Sensor Integration for Urban Risk Prediction

  • Project Duration: 11.2019 – 04.2022

  • Project Lead: Martin Loidl (Z_GIS)

  • Role Z_GIS: Project Partner

  • Staff: Martin Loidl, Bernhard Zagel, Petra Stutz, Robin Wendel, Christian Werner

Initial Situation

Vulnerable road users (VRUs) are threatened by a proportionally higher safety risk. In order to protect VRUs more efficiently, risk models at a high spatial and temporal resolution are required. So far, potentials and limitations of the combined use of wearable sensors and urban data ecosystems for training a predictive machine-learning model for safety risks in urban environments have not been sufficiently investigated. Insights in this context could be used in a wide variety of ICT-supported application scenarios, such as transportation management, public safety planning, crowd management, health monitoring, digital mobility services or planning.

Project Goals

  • Integration of data from heterogeneous sources.
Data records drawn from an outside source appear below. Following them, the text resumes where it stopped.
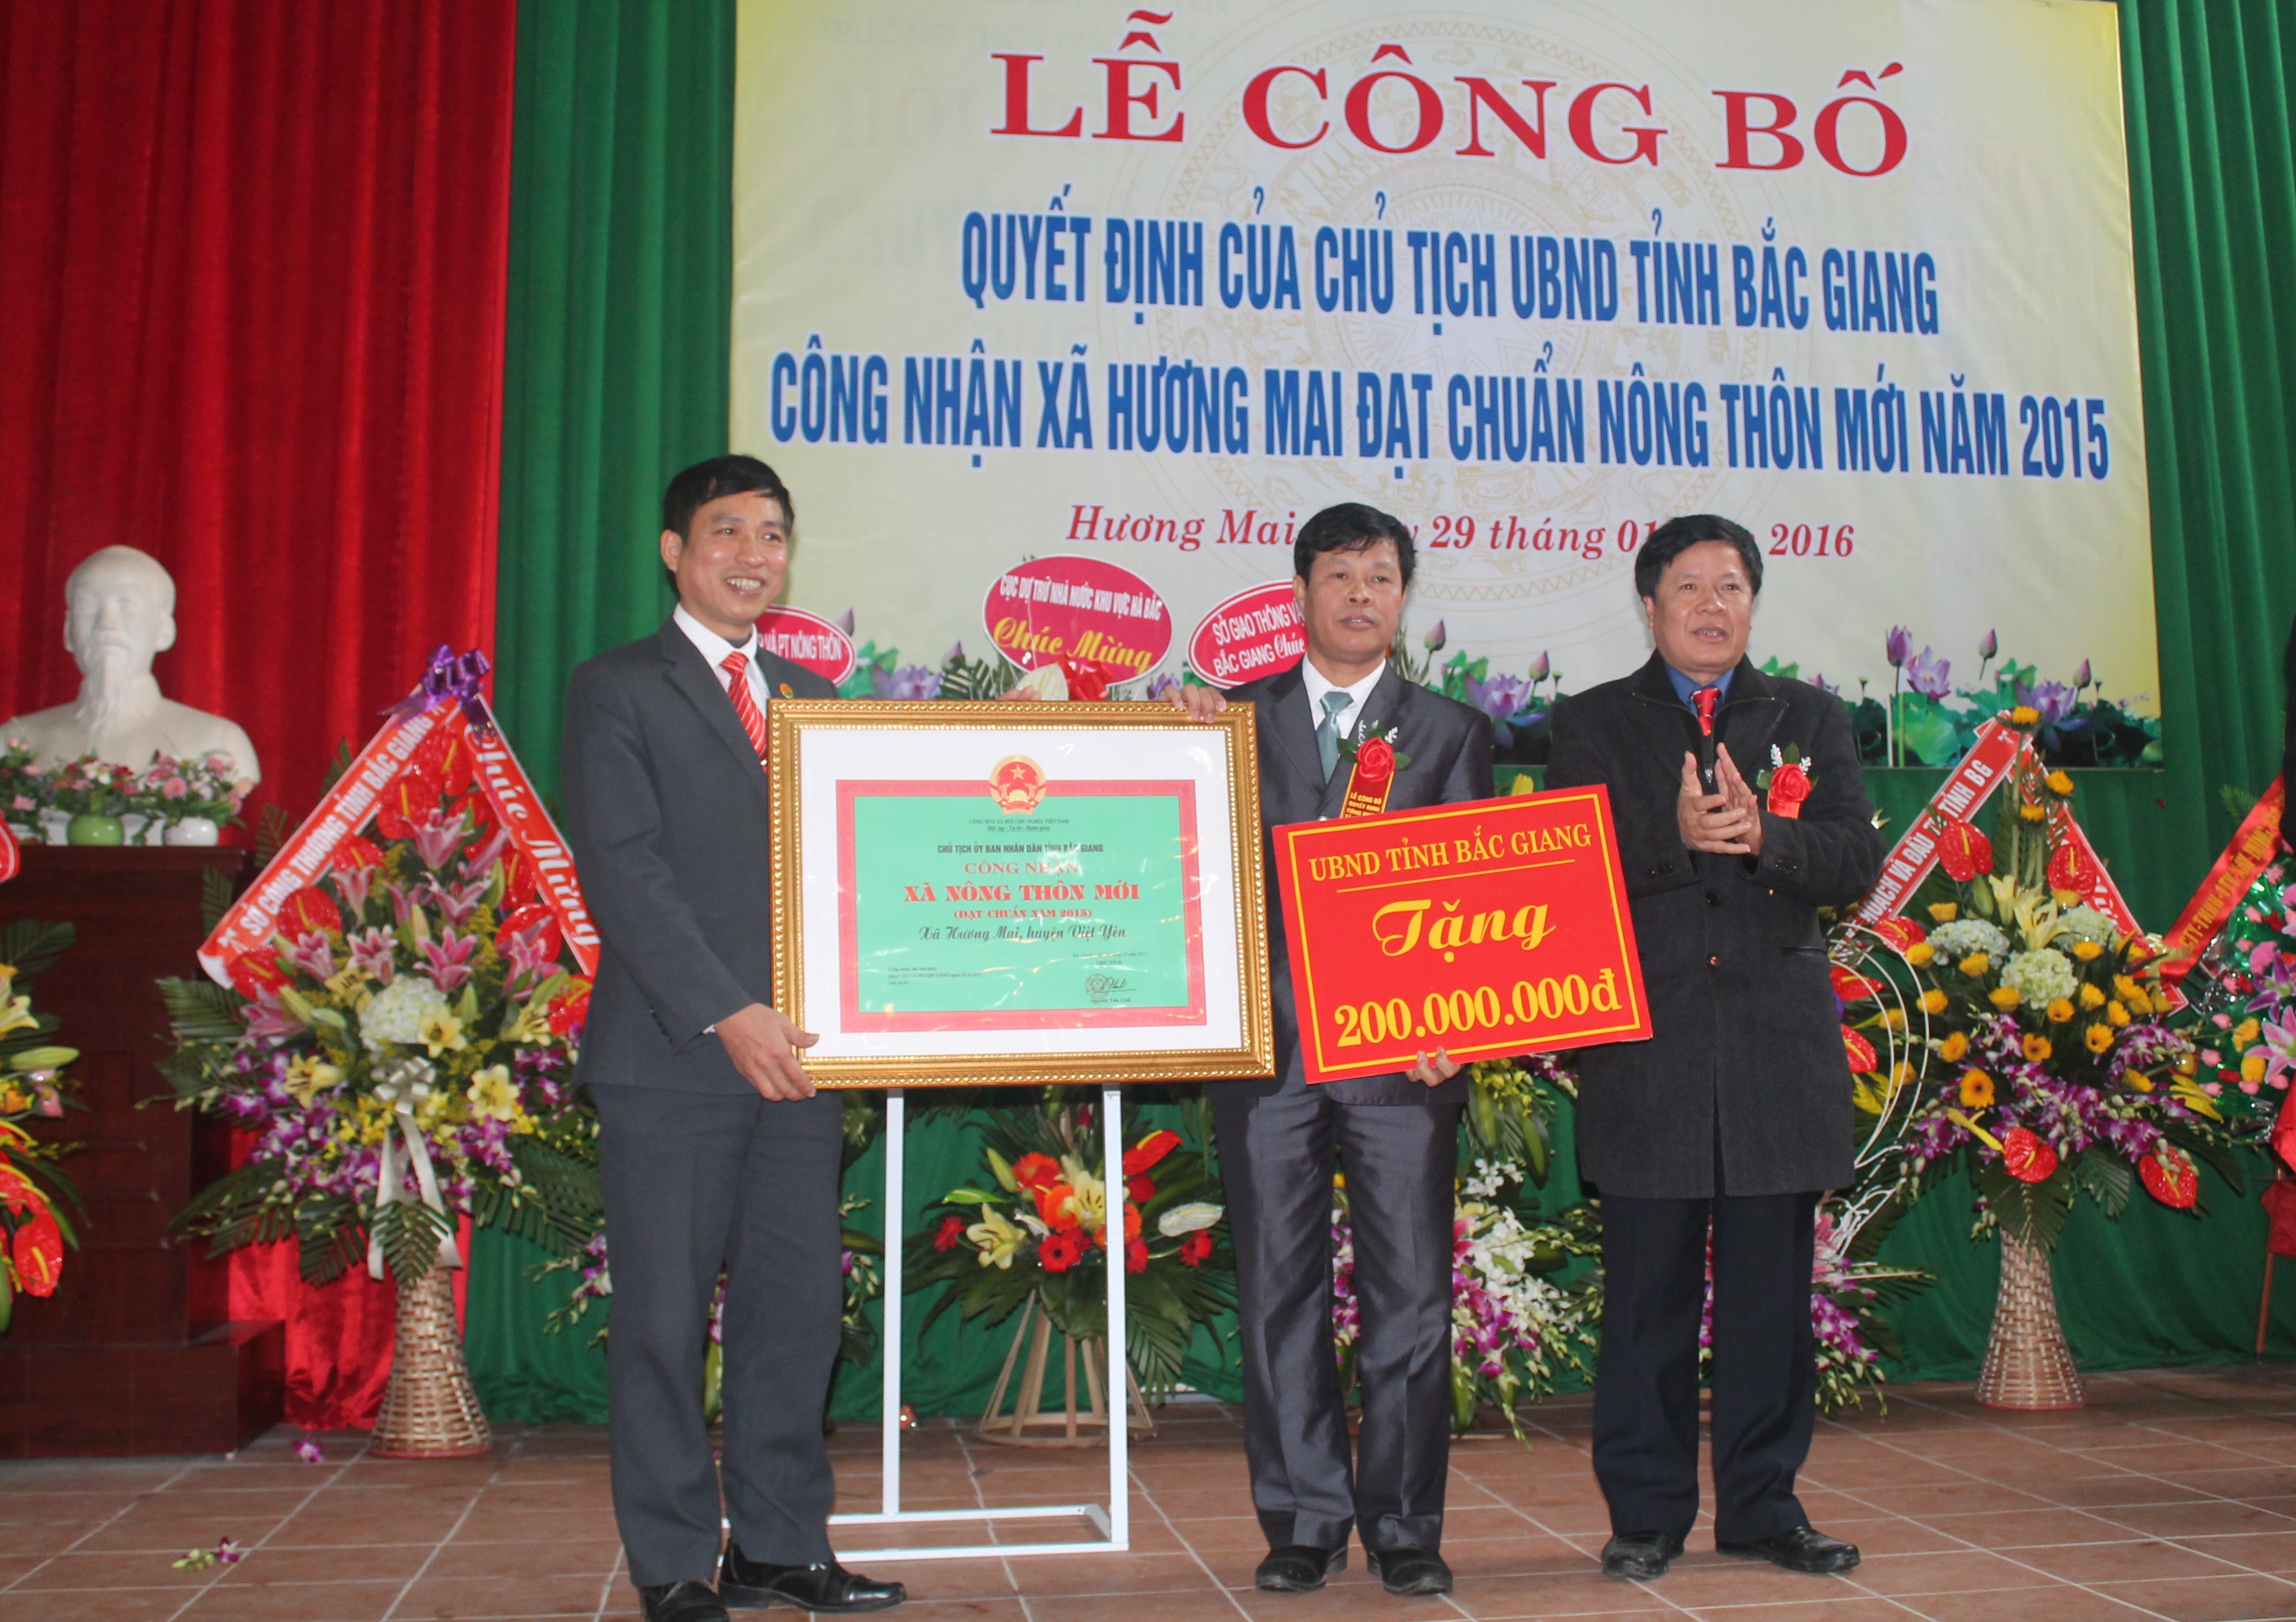 Hương Mai: Tổ chức lễ công bố của Chủ Tịch UBND Tỉnh công nhận xã đạt chuẩn xây dựng nông thôn...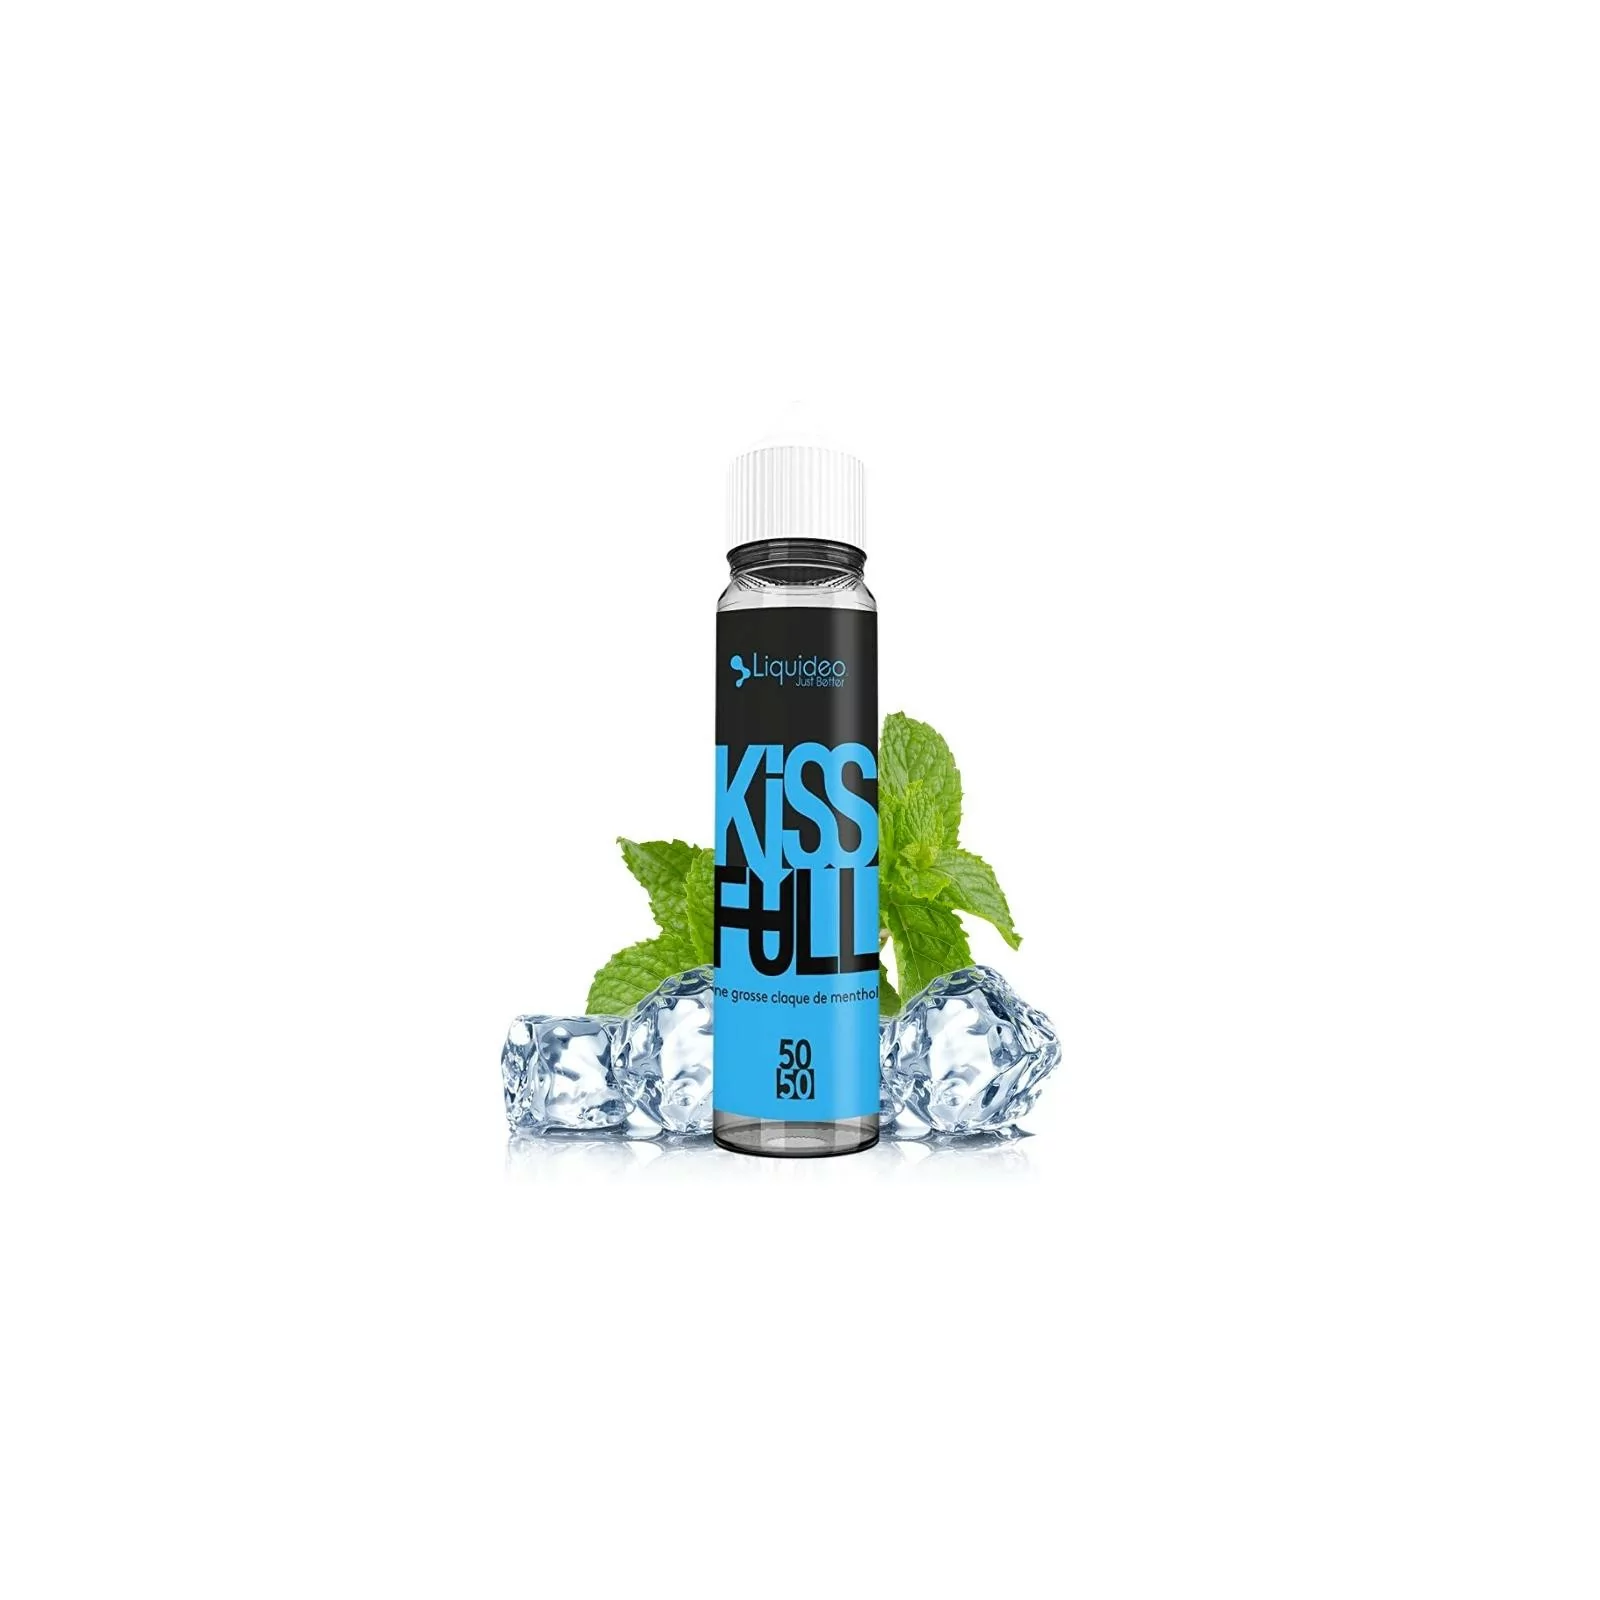 Kiss Full 50ml - Liquideo Fifty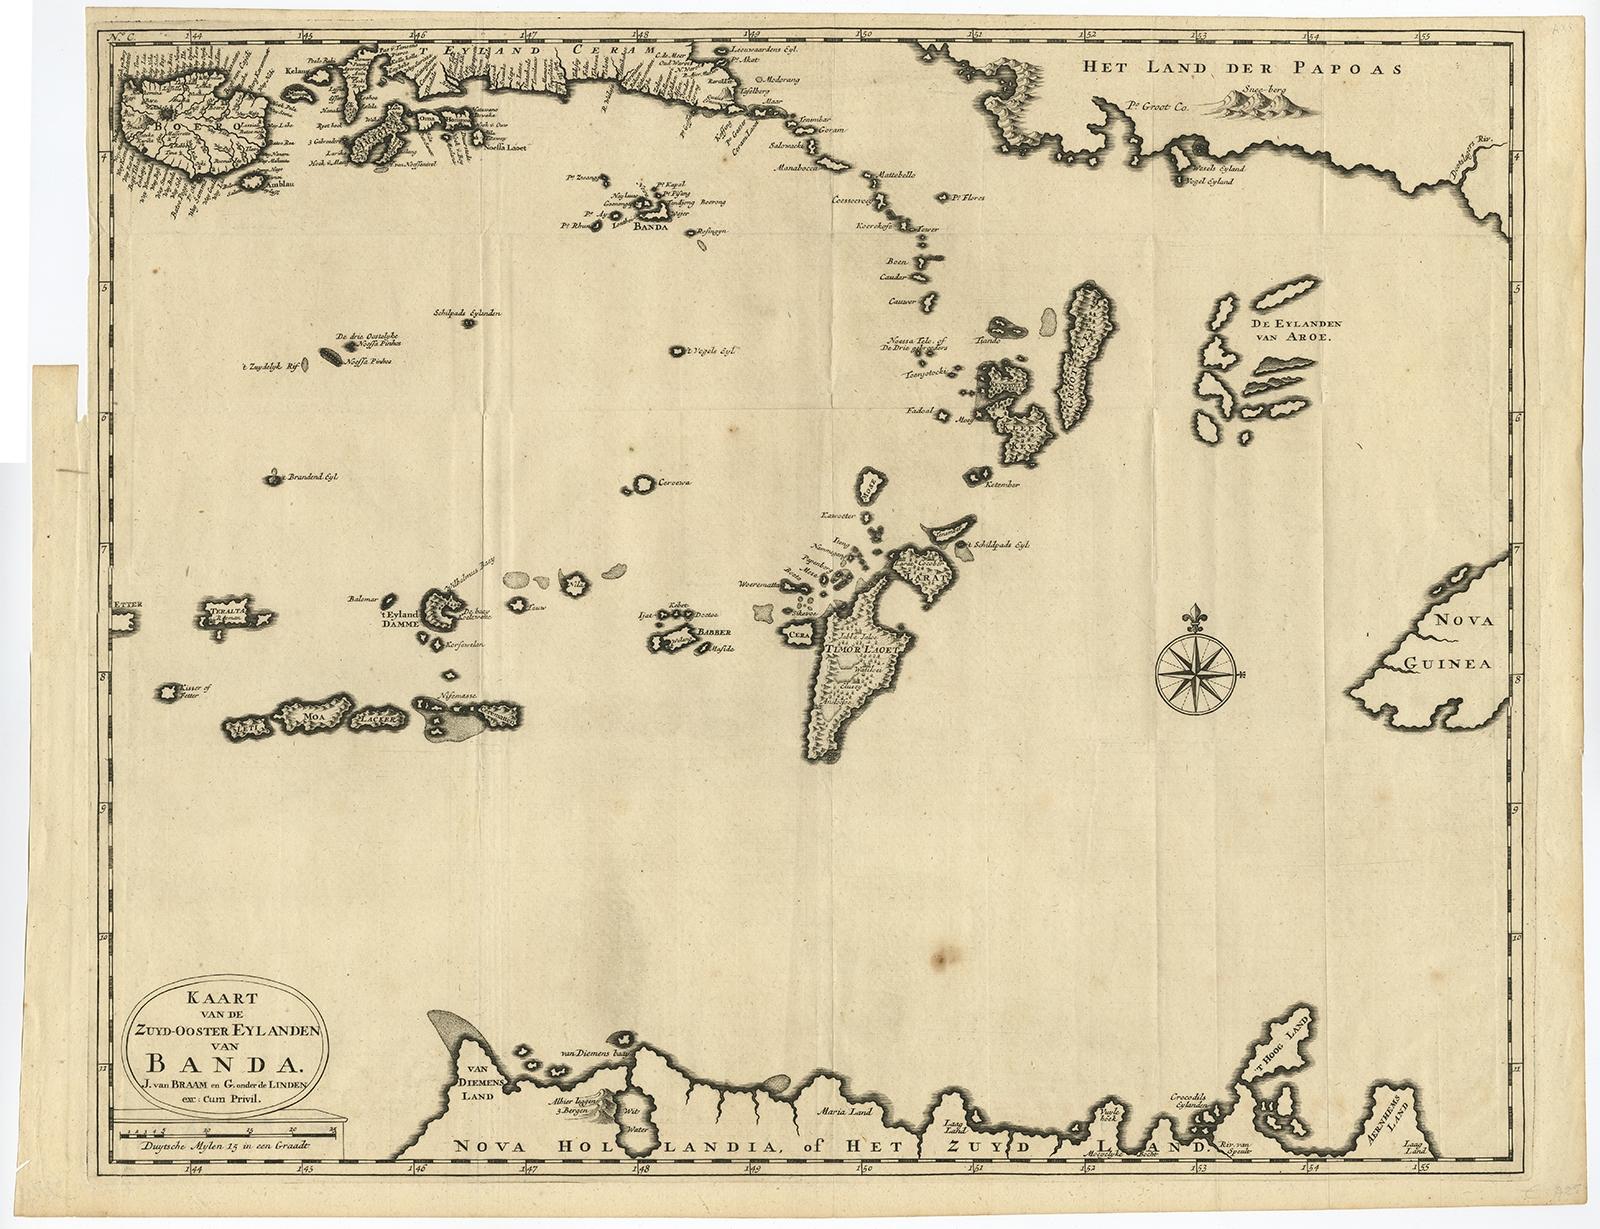 Antike Karte mit dem Titel 'Kaart van de Zuyd-Ooster Eylanden van Banda' 

Karte des südöstlichen Teils der Banda-Inseln. Diese Karte stammt aus

  • Risk modelling based on machine learning algorithms.

  • Increased safety of vulnerable road users.

Expected Results

  • Concept for creating semantic interoperability of physiological, mobile sensor data with heterogeneous data sources of urban data ecosystems.

  • Transferable framework for setting up sensor networks for the integration in urban data ecosystems.

  • Predictive model of spatio-temporal occurrences and distributions of safety risks for vulnerable road users in urban road networks.

Contribution Z_GIS

  • Data acquisition, modelling and analyses.

  • Modelling traffic flows of pedestrians and cyclists.